One of the best, so it would seem, at utilising social networking platform Twitter, is Canadian author Margaret Atwood. Atwood has written a number of successful novels, such as The Edible Woman and The Handmaid’s Tale, but lately she’s turned her hand to a spot of artwork. After speaking with two of her followers (@DrSnit and @kidney-boy) on Twitter about US comic book convention ComicCon, she designed them their very own avatars (pictured), featuring each follower as a superhero.

The fans were said to be thrilled at being given the designs by such a renowned author, and will no doubt remain lifelong fans. But aside from these two lucky Tweeters, the events have drawn significant attention to Atwood and, of course, drawn in a whole host of new fans and followers.

While many may feel that the worlds of literary fiction and social media are a million mile apart, others have been see quick to see the potential for merging the two together. Last year, Twitter users began tweeting tongue-in-cheek plot summaries of classic novels. These included:

Great Expectations – charlesdickens: Orphan given £££ by secret follower. He thinks it’s @misshavisham but it turns out to be @magwitch


Bridget Jones’s Diary – helenfielding: RT @janeausten Woman meets man called Darcy who seems horrible. He turns out to be nice really. They get together.

‘Hashtagging’ allows for such trends to gain publicity worldwide, and one Tweeter, Tim Collins, has even published a collection of his own plot summaries into a book: The Little Book of Twitter – a business venture all on its own.

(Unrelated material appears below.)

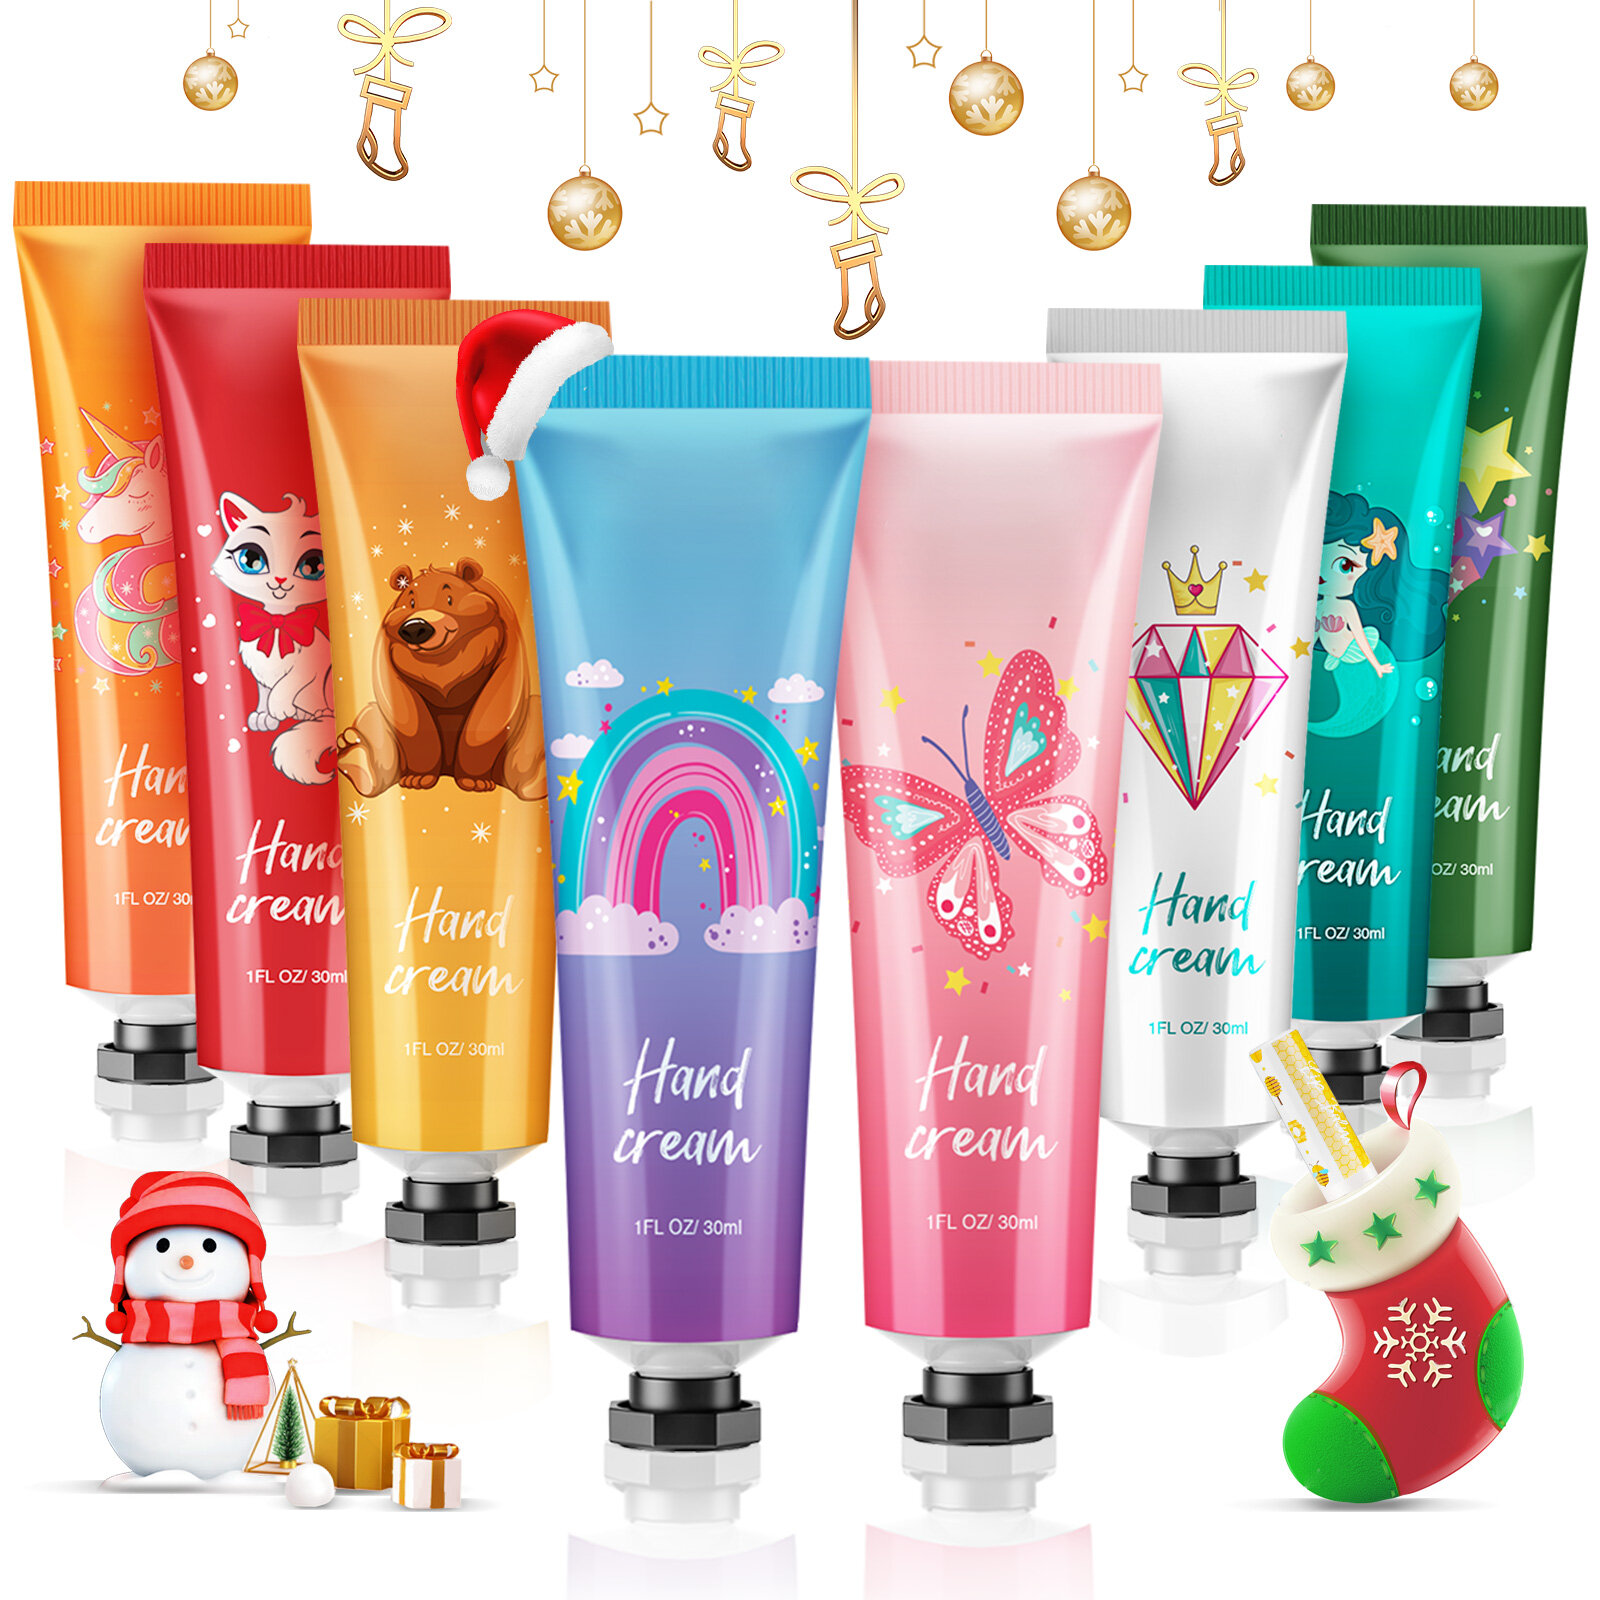 GLAMADOR Hand Cream Gift Set 9 Pcs Travel Size Hand Lotion 30ml with Lip Balm Hand Cream for Dry Cra

In a sense, authors are their very own business venture. Like most businesses, they known the importance of networking, and the opportunities that social media platforms provides to them for connecting with others in the same field. Re-tweeting useful or humorous comments made by other authors can be seen as a nod of approval, helping them gain more followers and offering the opportunity to engage. As well as writers, Twitter is also used by a number of literary agents and other members of the publishing industry, who it can also be great for authors to communicate with.

However, as mentioned before, authors are also keen to connect with the general public. Lists provide the perfect opportunity for writers to connect with their target audience. For example, an author who is looking to write a book about a fashion designer in London could follow lists based on London living, fashion designing or even more specific lists for fans of other works of fiction on a similar topic. Of course, there are now many lists of authors writing in a particular style or genre, which will also serve to benefit the authors in question.

The message that the literary world seems to give out about using social media is that it is very much a two-way street. Not only can it be an essential form of engaging with potential customers, but it is also a very effective way of enhancing your end product, and making sure that your work meets its full potential. The value of networking with both industry professionals and your target demographic is, of course, something small businesses need to make the most of.